Adebara created a language identification tool called AfroLID, which uses AI to identify 517 African languages and dialects from any given text. A model like this is important, Adebara explains, as it allows researchers to find data around the web that can be used to train AI. In this way, AfroLID is a stepping stone towards developing Natural Language Processing (NLP) systems for these African languages that will be able to process language in the same way humans do.
Predictably, one of the biggest hurdles Adebara faced in creating AfroLID was a lack of data. There are few documents available in, and few researchers working on, these languages.
“If you are working on NLP in English, you can crawl any of the news stations and you will get a lot of texts daily on the web in English,” she says. “It takes a lot more effort and intentionality to find anything from these [African] languages.”
Ultimately, it took Adebara’s team over two years to curate the data set they used to create AfroLID. After this experience, she is trying to encourage policy changes that will ensure data is available in African languages.
“In Nigeria, where I come from, education is in English, so that already cuts out the level of literacy in these other languages,” she says. “This filters down to the availability of data. And so there are a lot of policy issues that need to be changed.”
With AfroLID complete and able to collect data and detect which language it is in, Adebara and her research group have moved on to other AI projects. This summer, they launched Serengeti, a language understanding model that learns general information about a language and can be used to complete tasks like identifying key names and nouns in a document. A tool like this means that speakers of these 517 African languages could use a search engine in their own language.
Adebara says that there can be a lot of pressure to learn a widely spoken language in order to have access to more resources, but that can hinder the use of the languages a person already knows. “People might begin to feel that their languages are not important, and that some other major languages are more important than theirs.
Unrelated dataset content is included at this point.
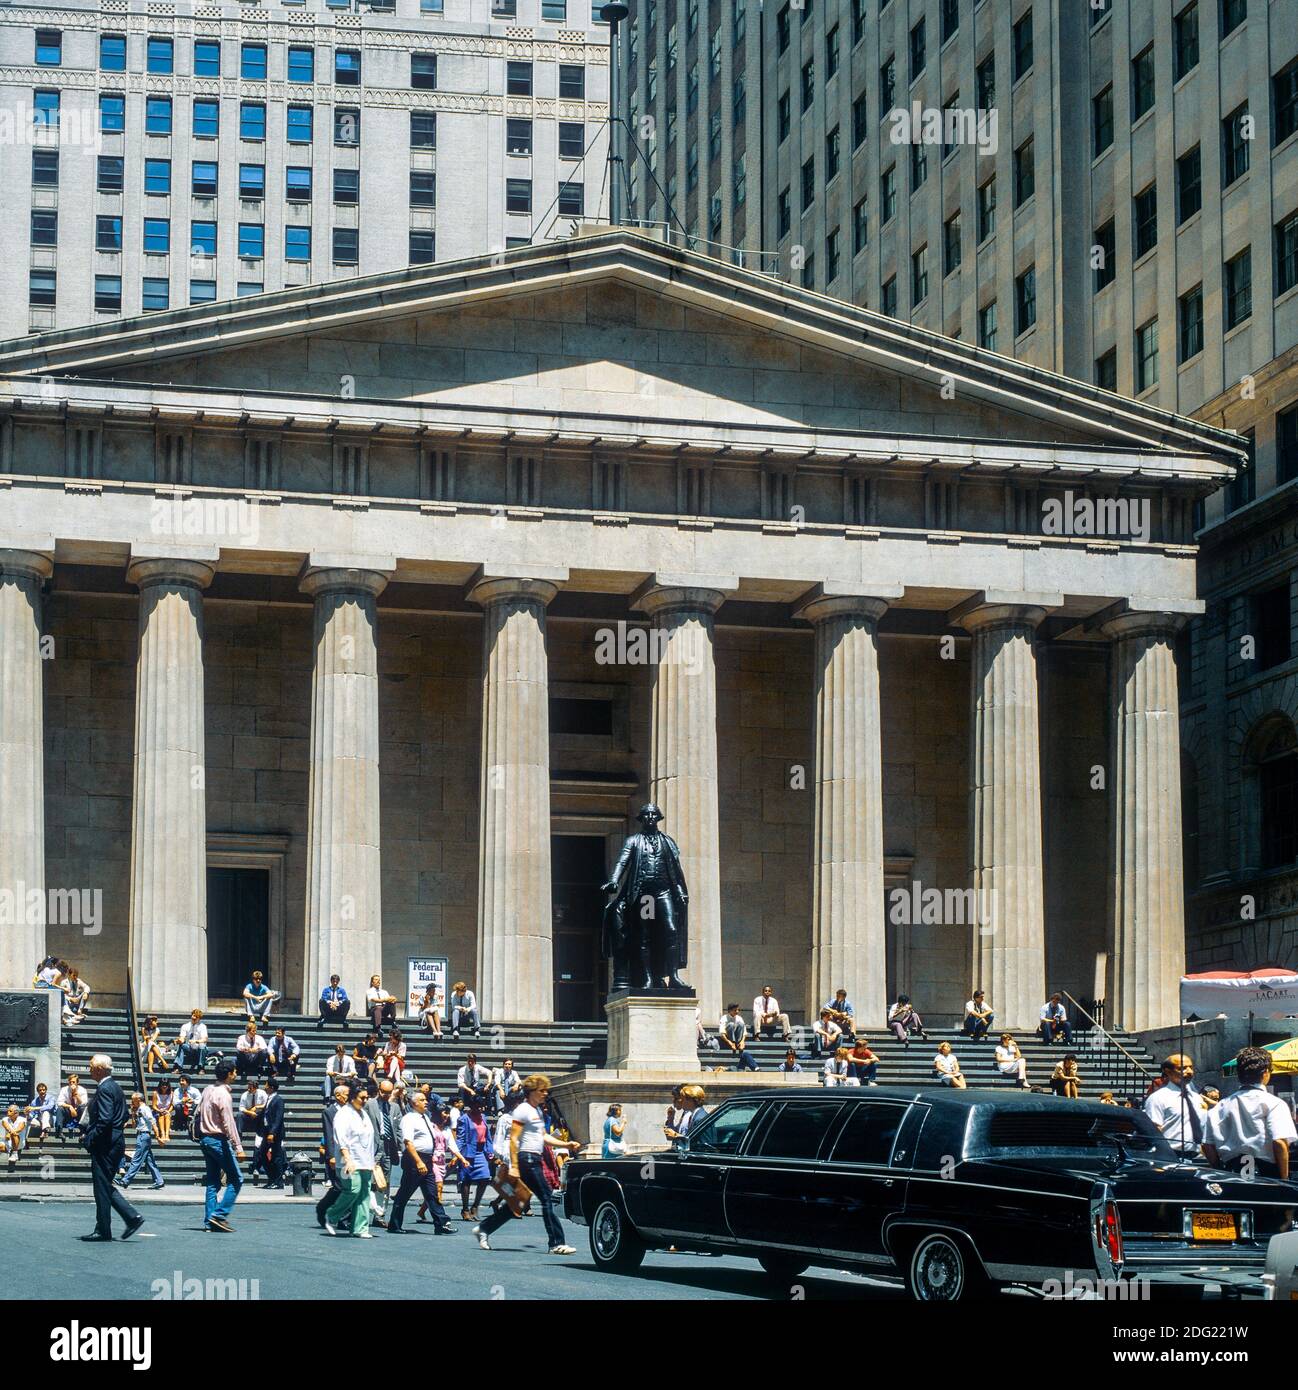 New York 1985, Federal Hall, statue de George Washington, limousine noire, personnes, Quartier financier de Wall Street, Lower Manhattan, New York City, NY, NYC, ÉTATS-UNIS, Banque D'Images

And that has a psychological effect.”
If more data can be collected and identified using AfroLID, and more AI models can be generated using that data, Adebara hopes machine translation between English and these African languages will be possible, opening the door for more people to access resources like textbooks.
Ultimately, Adebara says, this work is important in diversifying the AI space.
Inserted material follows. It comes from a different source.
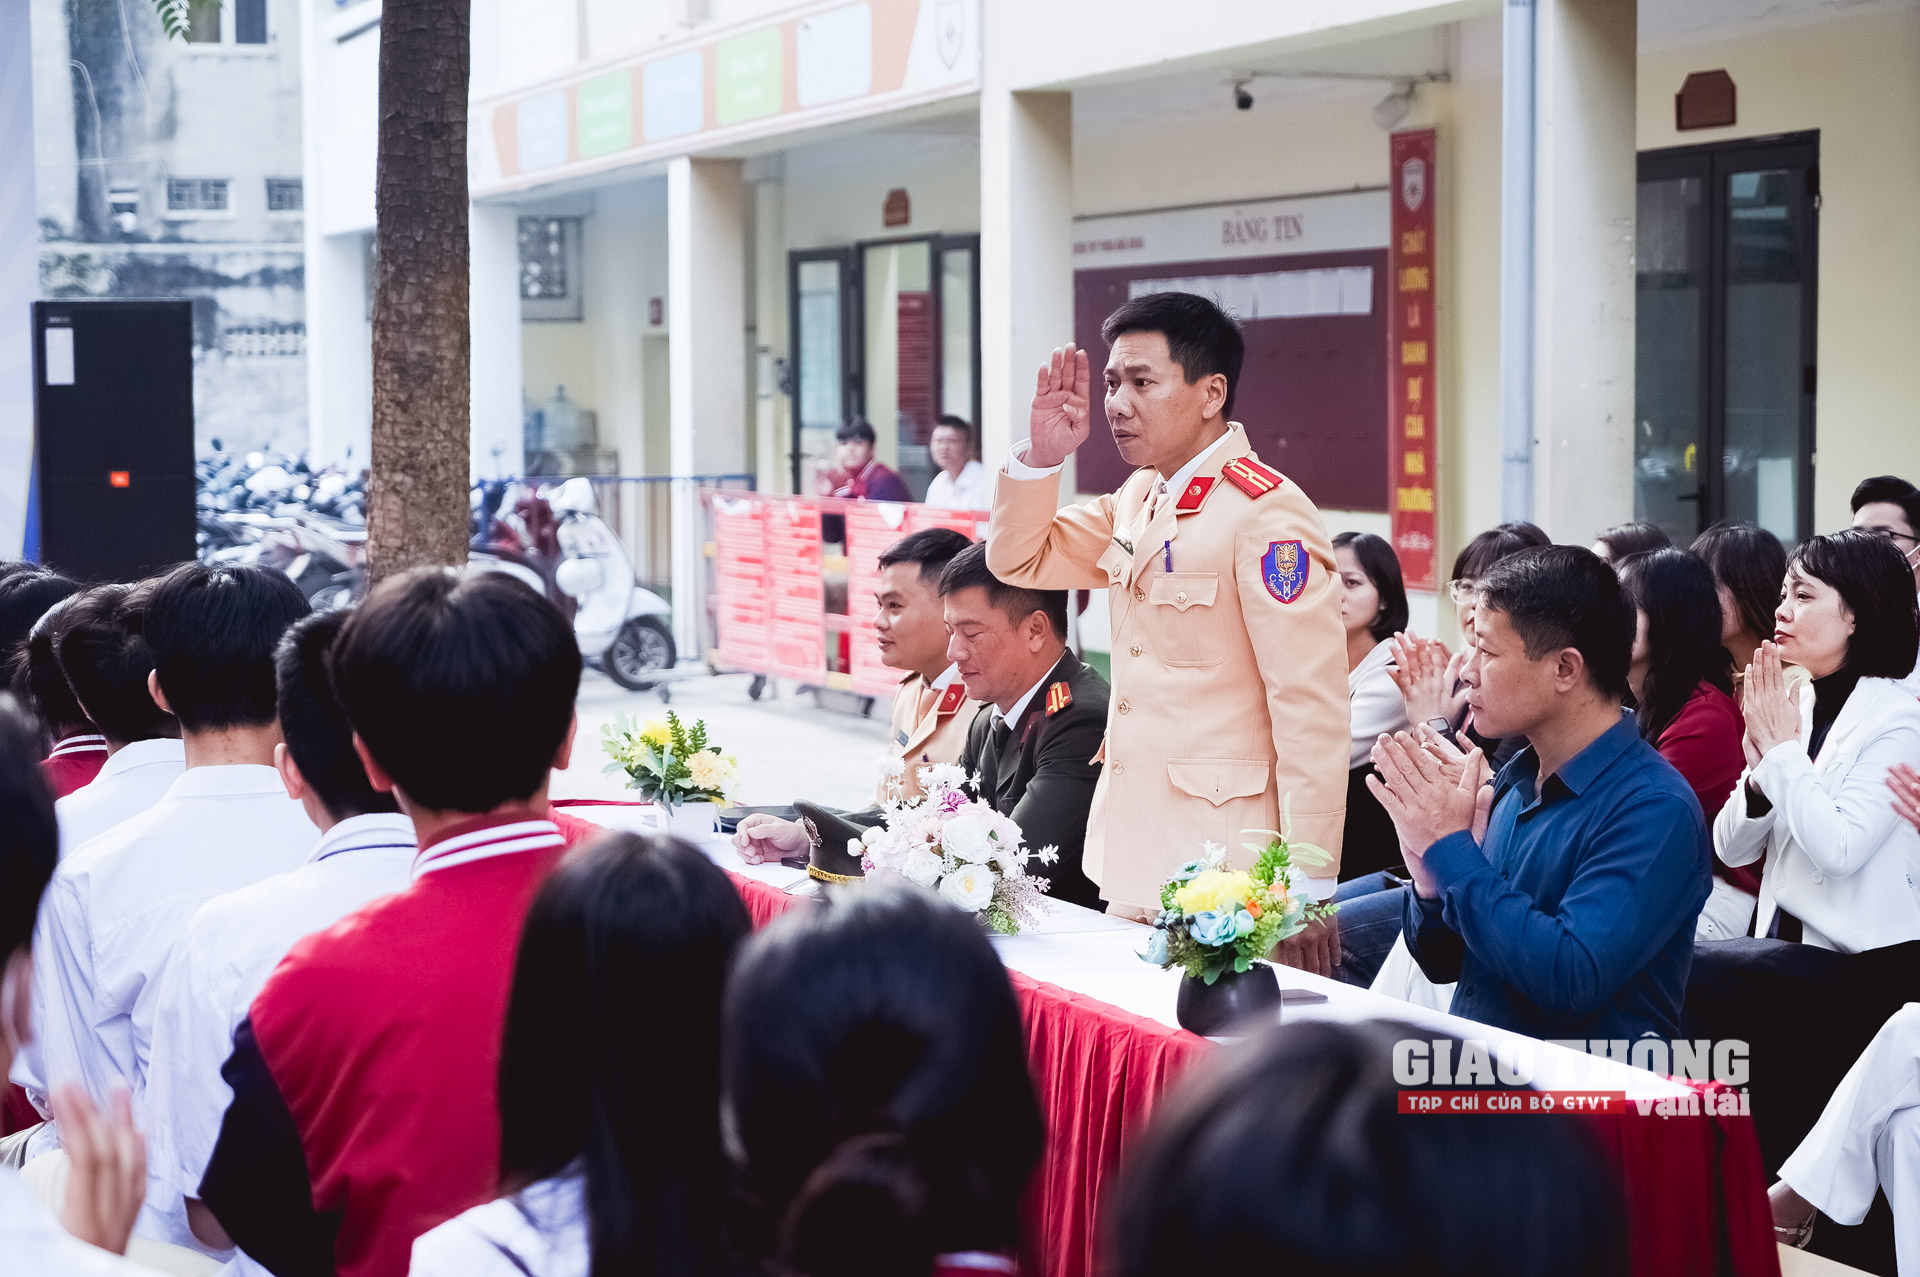 CSGT Hà Nội đối thoại về những nguy cơ khi học sinh dùng xe cơ giới tham gia giao thông - Ảnh 3.

“When people don’t have access [to technology] in the languages that they speak, we actually lock them out from global conversations,” she says. “We don’t hear their perspectives on the issues that we’re dealing with. And they don’t hear our perspectives either… If we have access to more people’s opinions and perspectives about global issues, perhaps we’ll be able to solve some of these issues a lot faster than we are right now.”
From tools being created to help revitalize Indigenous languages spoken in Canada to AI models that bring access to people who speak the world’s 7,000+ languages, technology is changing the way we work with language. Still, Kuhn says, it is speakers and learners who are at the heart of it all.
“[The educators] are the directors, the playwrights,” he says. “We’re like stagehands. We help with the lighting. Maybe we can make the scene a little bit better… But we’re not the centre of the story. The centre of the story is the educators who are trying to bring their ancestral languages back.”